Saved Notebook 02 artifacts:
- /home/apex/Documents/ranking_sys/data/processed/kuairec_long_term_estimand_panel.parquet
- /home/apex/Documents/ranking_sys/data/processed/kuairec_long_term_estimand_summary.csv
- /home/apex/Documents/ranking_sys/data/processed/kuairec_long_term_candidate_treatments.csv
- /home/apex/Documents/ranking_sys/data/processed/kuairec_long_term_candidate_outcomes.csv
- /home/apex/Documents/ranking_sys/data/processed/kuairec_long_term_eligibility_funnel.csv

The saved files are the handoff to formal causal estimation. The parquet file contains the row-level modeling data, while the CSV summaries document the treatment, outcome, and eligibility decisions that produced it.

Takeaways and Next Step

This notebook defines the primary causal estimand for

Among active KuaiRec user-days with sufficient prior history and 7-day follow-up, estimate the effect of a high-watch-exposure day on the user’s future 7-day interaction volume.
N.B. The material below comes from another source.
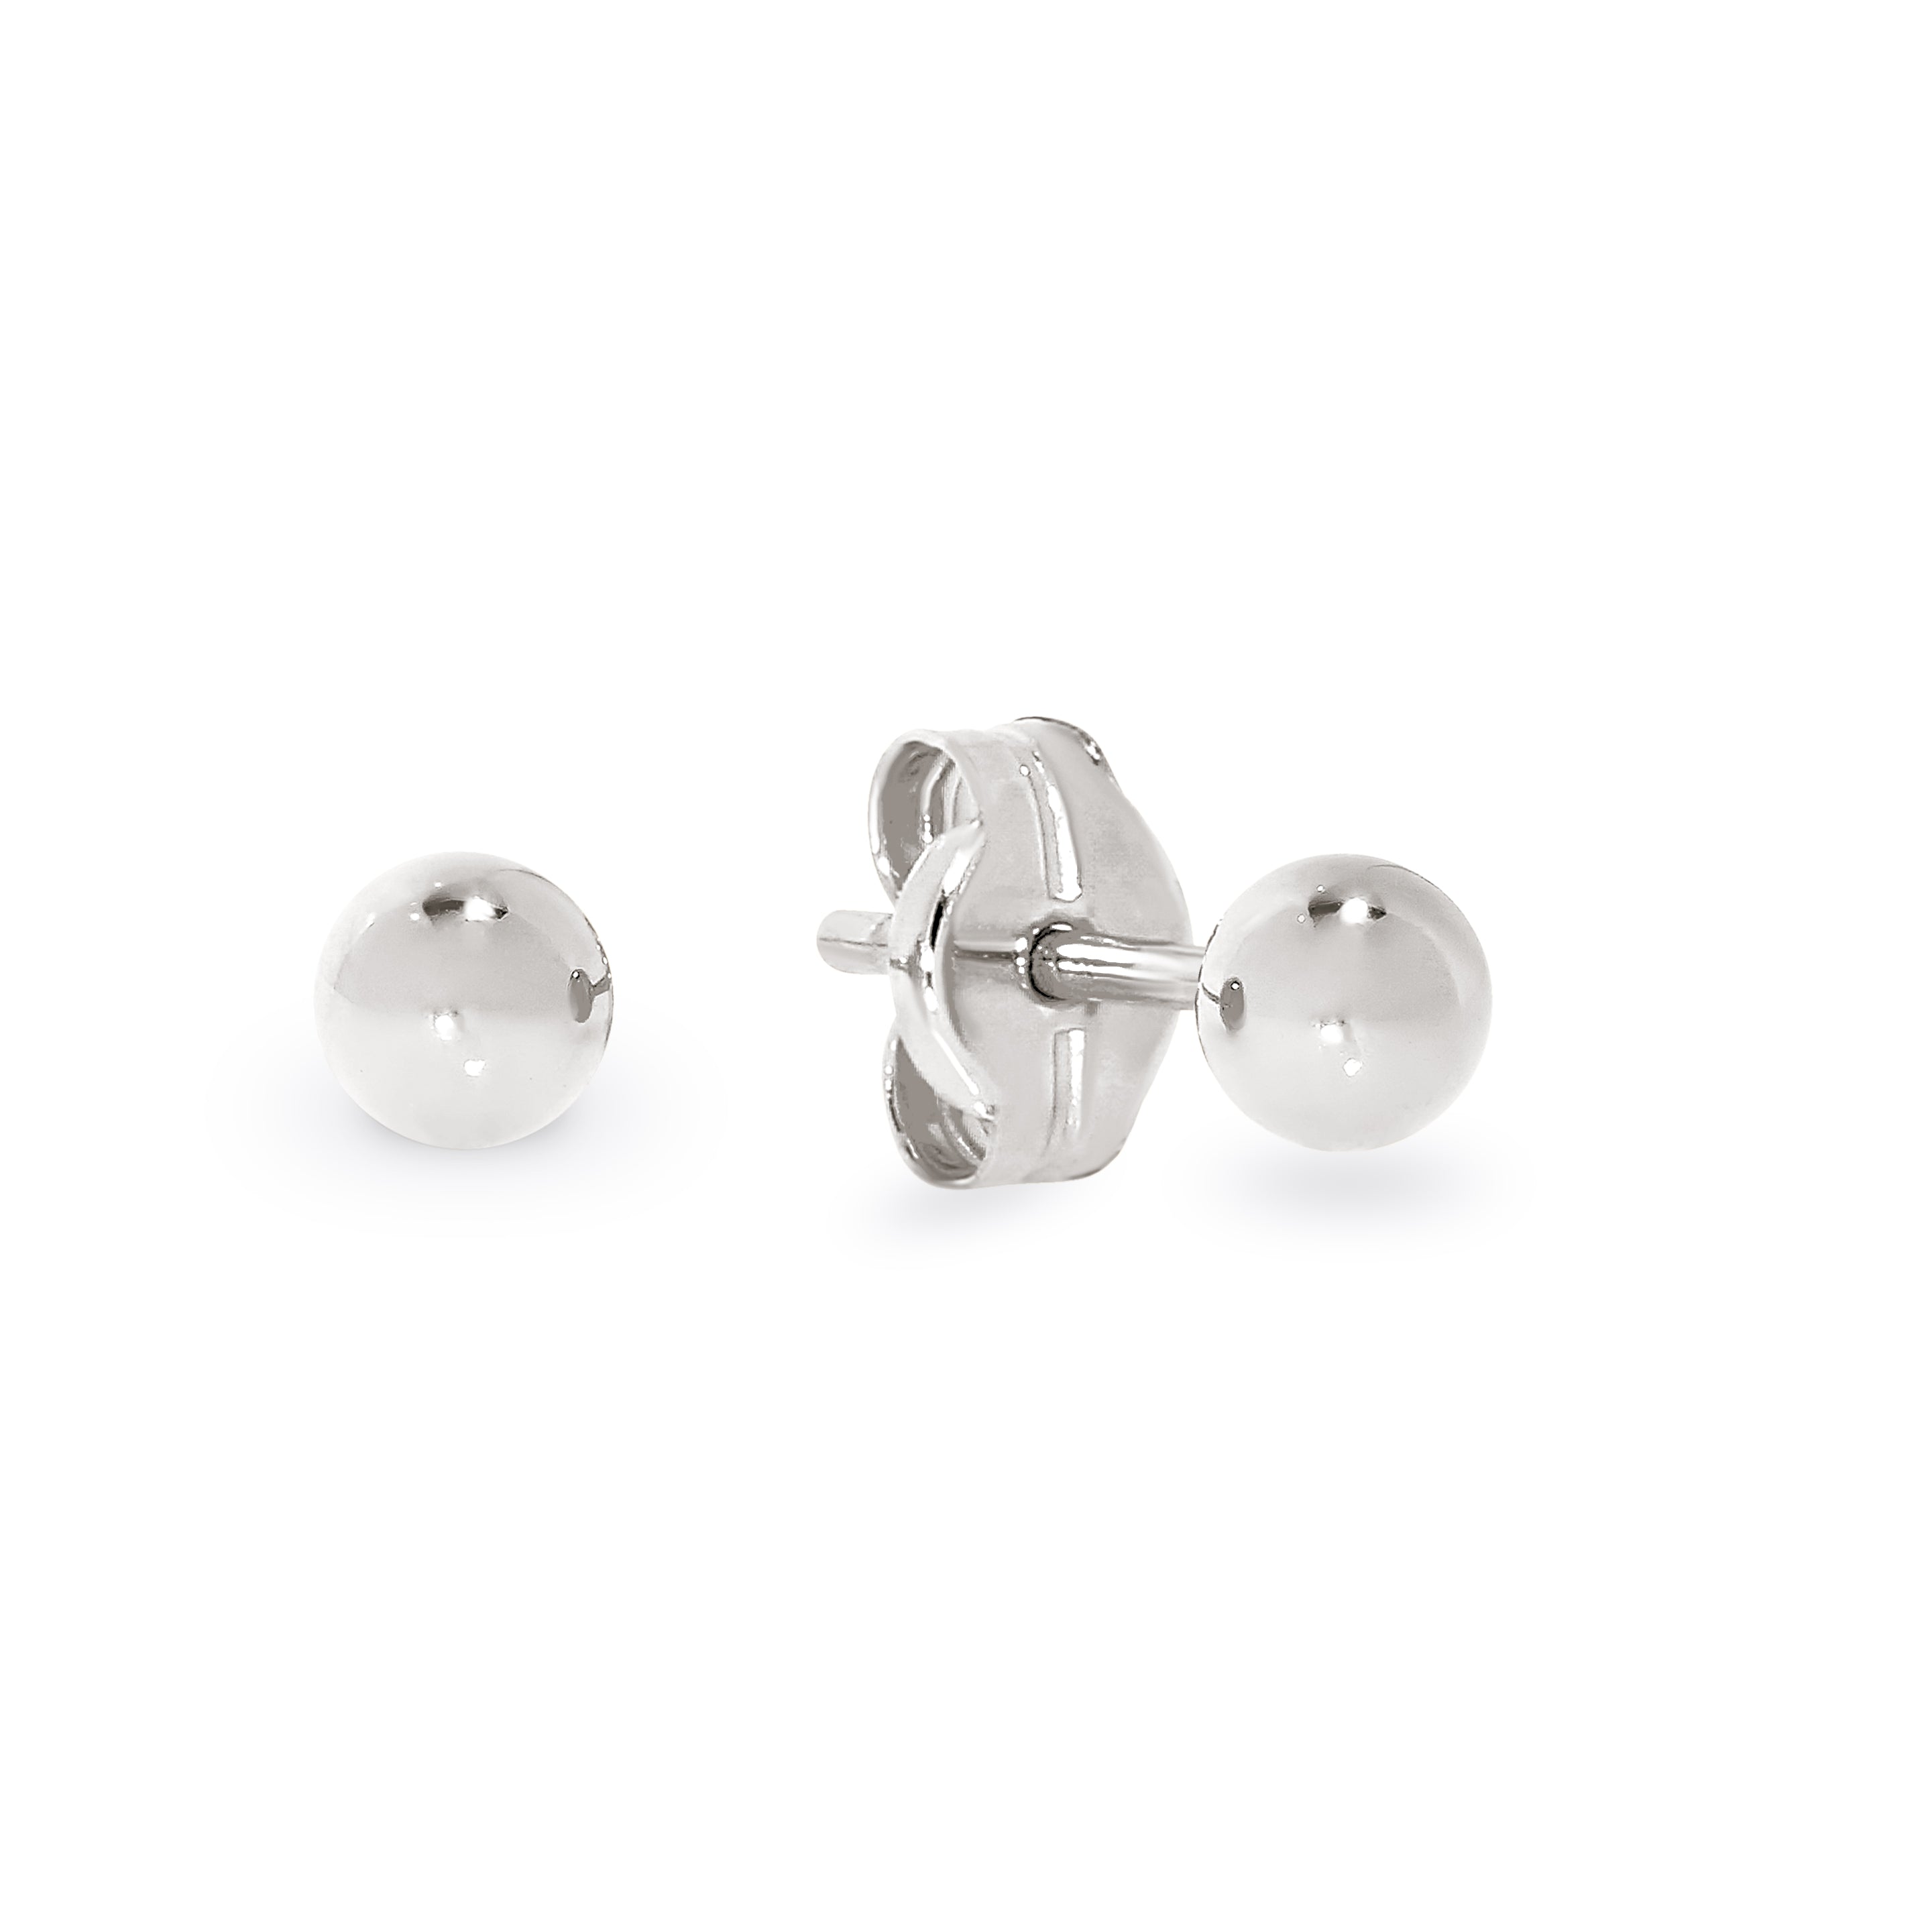 Silver polished 3mm ball studs

The selected treatment is more about recommendation quality than raw session size, which makes it a good fit for a long-term recommender-system question. The selected outcome has more variation than binary retention in this sample, while still reflecting future user engagement. Retention-style outcomes remain in the saved panel as secondary checks.

The next notebook should examine time-varying confounding and treatment assignment in more detail. That means modeling the probability of treatment from prior user history, checking positivity, and preparing inverse probability weights for a marginal structural model.